The company says its net loss attributable to common shareholders amounted to $1.24 billion or $1.36 per share for the quarter ended Sept. 30 compared with a profit of $640 million or 70 cents per share a year earlier.

On an adjusted basis, BCE says it earned 75 cents per share in its latest quarter compared with an adjusted profit of 81 cents per share in the same quarter last year.

“Bell’s results for the third quarter demonstrate that we are disciplined in our pursuit of profitable growth in an intensely competitive environment,” BCE chief executive Mirko Bibic said in a statement.

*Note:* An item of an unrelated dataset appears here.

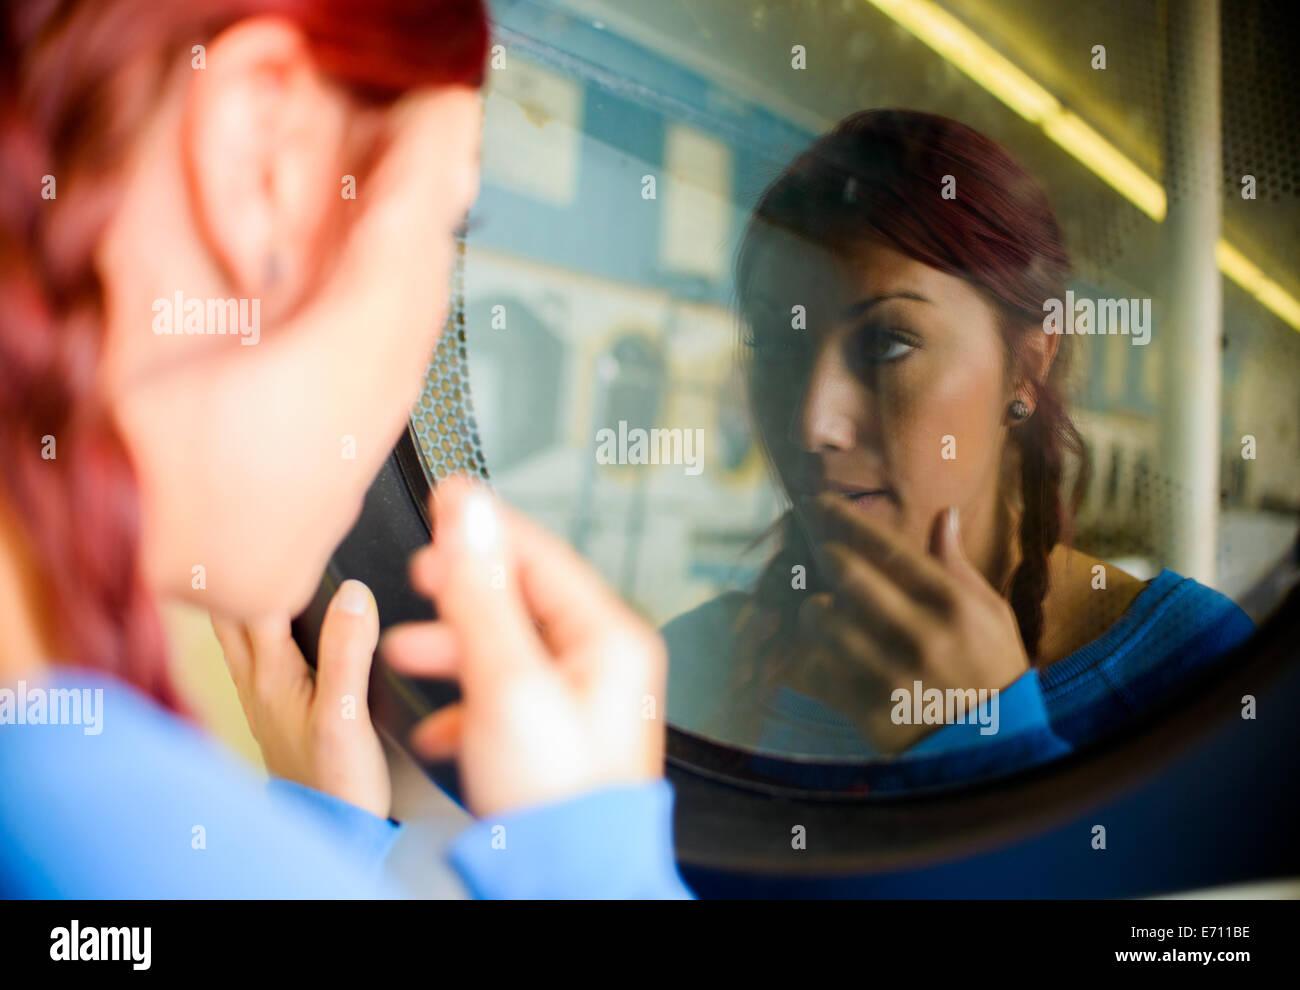 Giovane donna in lavanderia, guardando alla riflessione nella macchina di lavaggio Immagini Stock

“Our focus this quarter, and throughout 2024, has been to attract higher-margin subscribers and reduce costs to help offset short-term revenue impacts from sustained competitive pricing pressures, slow economic growth and a media advertising market that is in transition.”

Operating revenue for the quarter totalled $5.97 billion, down from $6.08 billion in its third quarter of 2023.

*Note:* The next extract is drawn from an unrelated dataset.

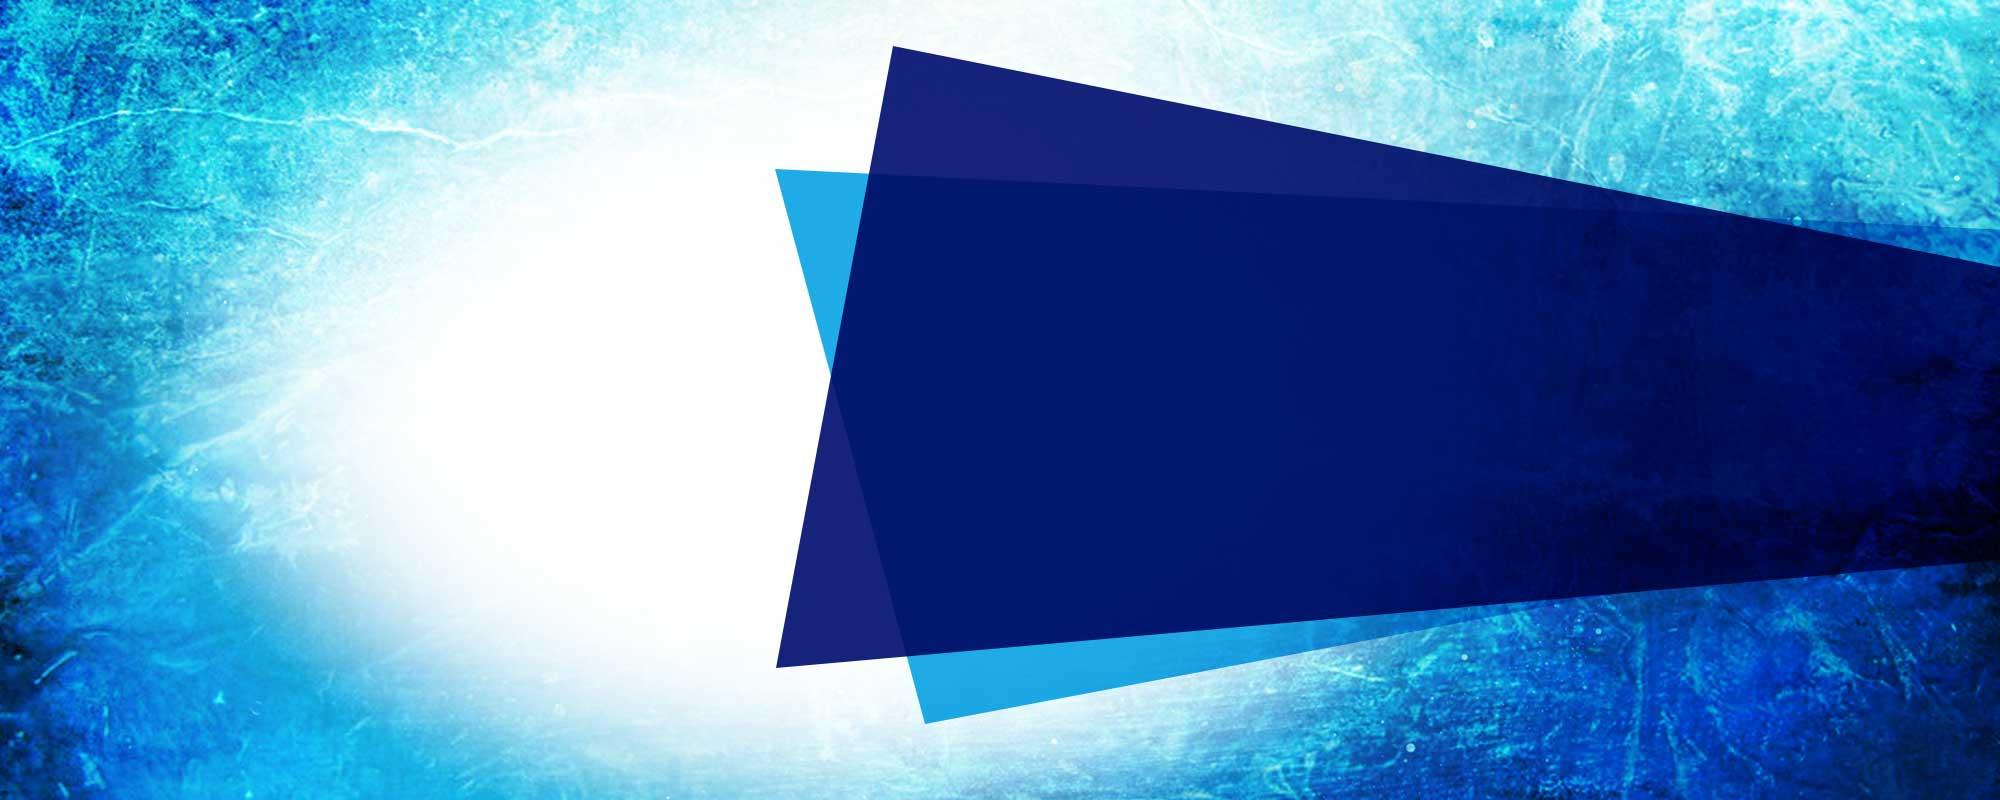 bg-azul

BCE also said it now expects its revenue for 2024 to fall about 1.5 per cent compared with earlier guidance for an increase of zero to four per cent.

The company says the change comes as it faces lower-than-anticipated wireless product revenue and sustained pressure on wireless prices.

BCE added 33,111 net postpaid mobile phone subscribers, down 76.8 per cent from the same period last year, which was the company’s second-best performance on the metric since 2010.

It says the drop was driven by higher customer churn — a measure of subscribers who cancelled their service — amid greater competitive activity and promotional offer intensity. BCE’s monthly churn rate for the category was 1.28 per cent, up from 1.1 per cent during its previous third quarter.

The company also saw 11.6 per cent fewer gross subscriber activations “due to more targeted promotional offers and mobile device discounting compared to last year.”

Bell’s wireless mobile phone average revenue per user was $58.26, down 3.4 per cent from $60.28 in the third quarter of the prior year.